Work required: Omitting all images, set down every line below exactly as it appears.

Recorded data:
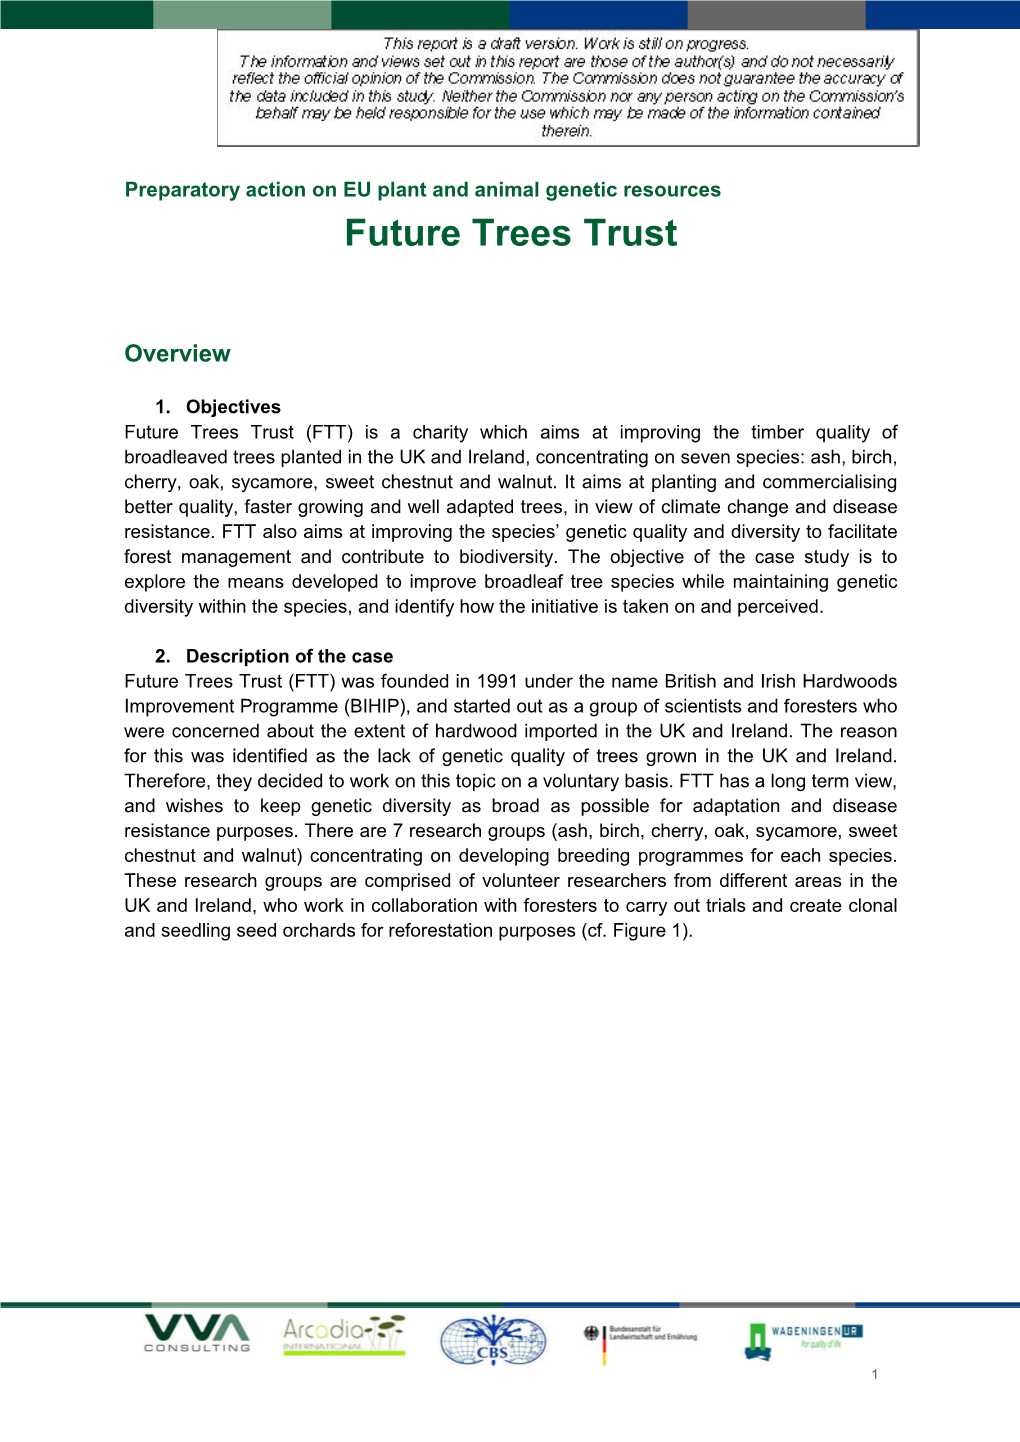 Future Trees Trust
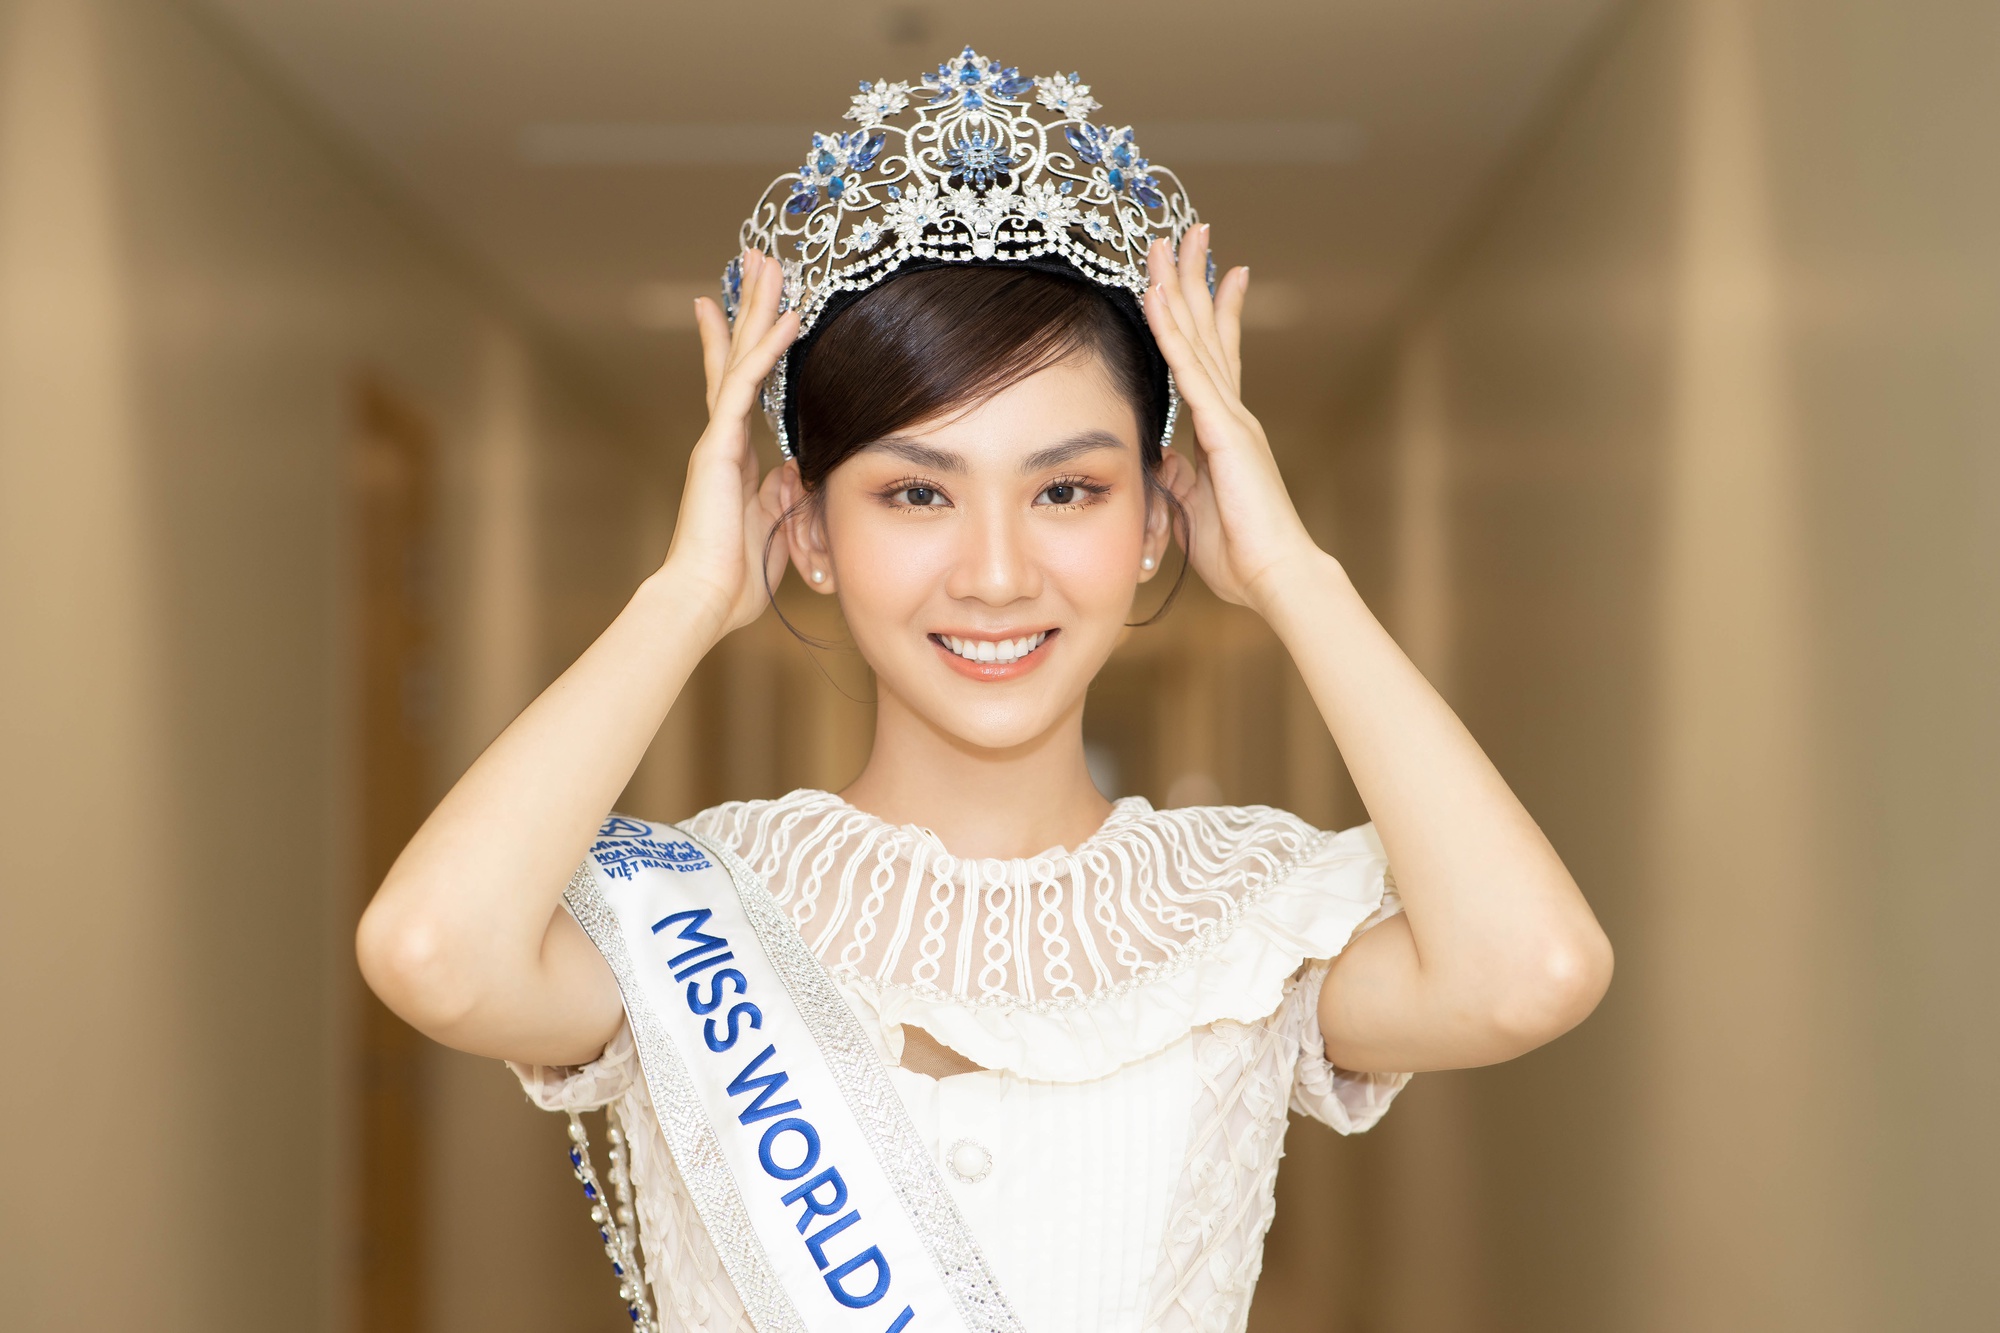 Hoa hậu Mai Phương phản hồi tin được dọn đường để đăng quang - Ảnh 2.
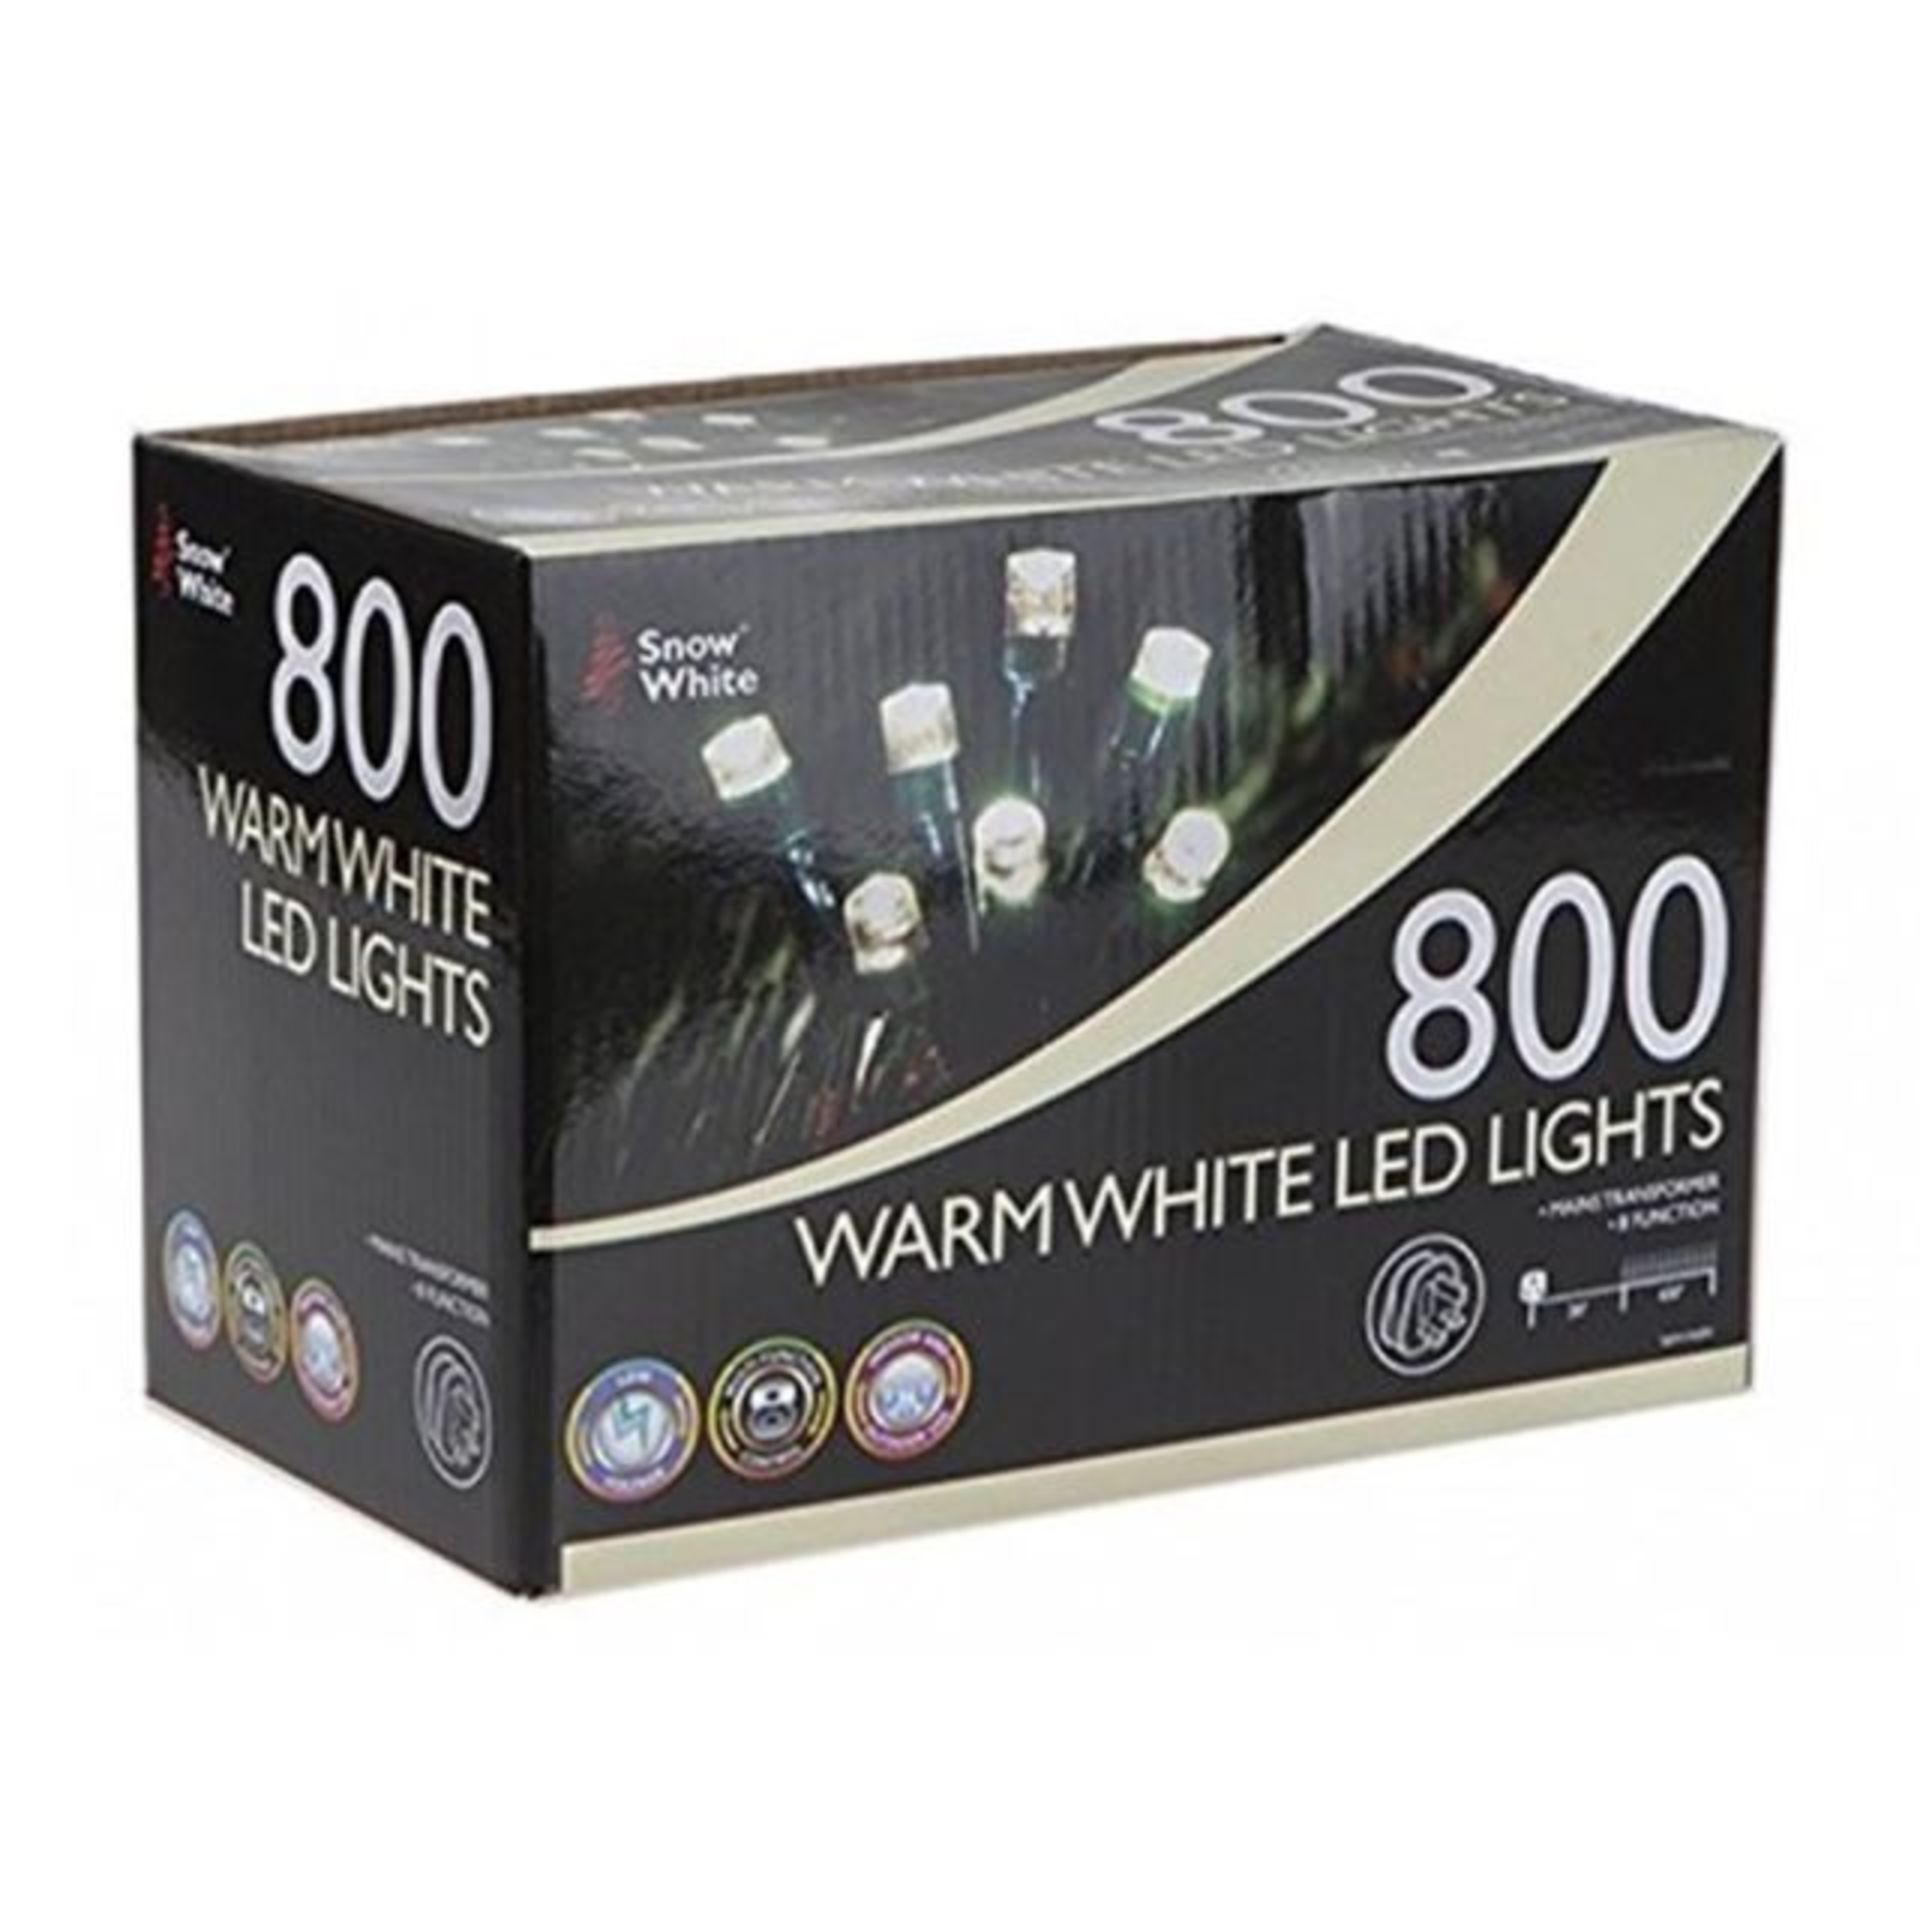 V Brand New 800 Warm White LED Multi Function Christmas Lights
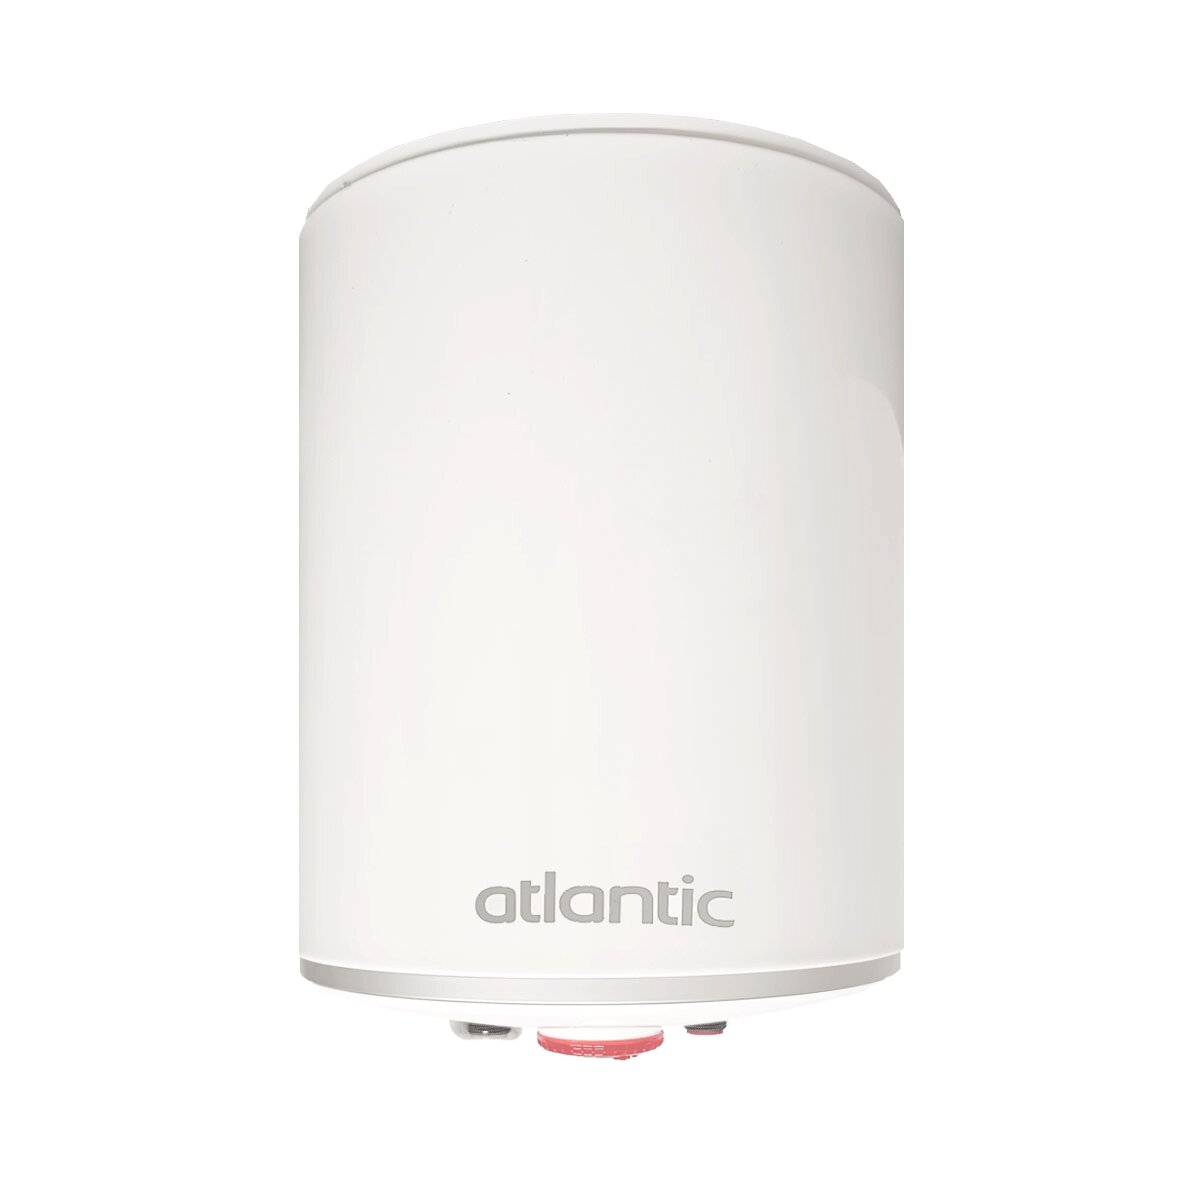 EGO Atlantic 15 Liter Schnell-Übertisch-Elektro-Warmwasserbereiter, 2 Jahre Garantie

Response:
 Future Trees Trust
 Hoa hậu Mai Phương phản hồi tin được dọn đường để đăng quang - Ảnh 2.
 V Brand New 800 Warm White LED Multi Function Christmas Lights
 EGO Atlantic 15 Liter Schnell-Übertisch-Elektro-Warmwasserbereiter, 2 Jahre Garantie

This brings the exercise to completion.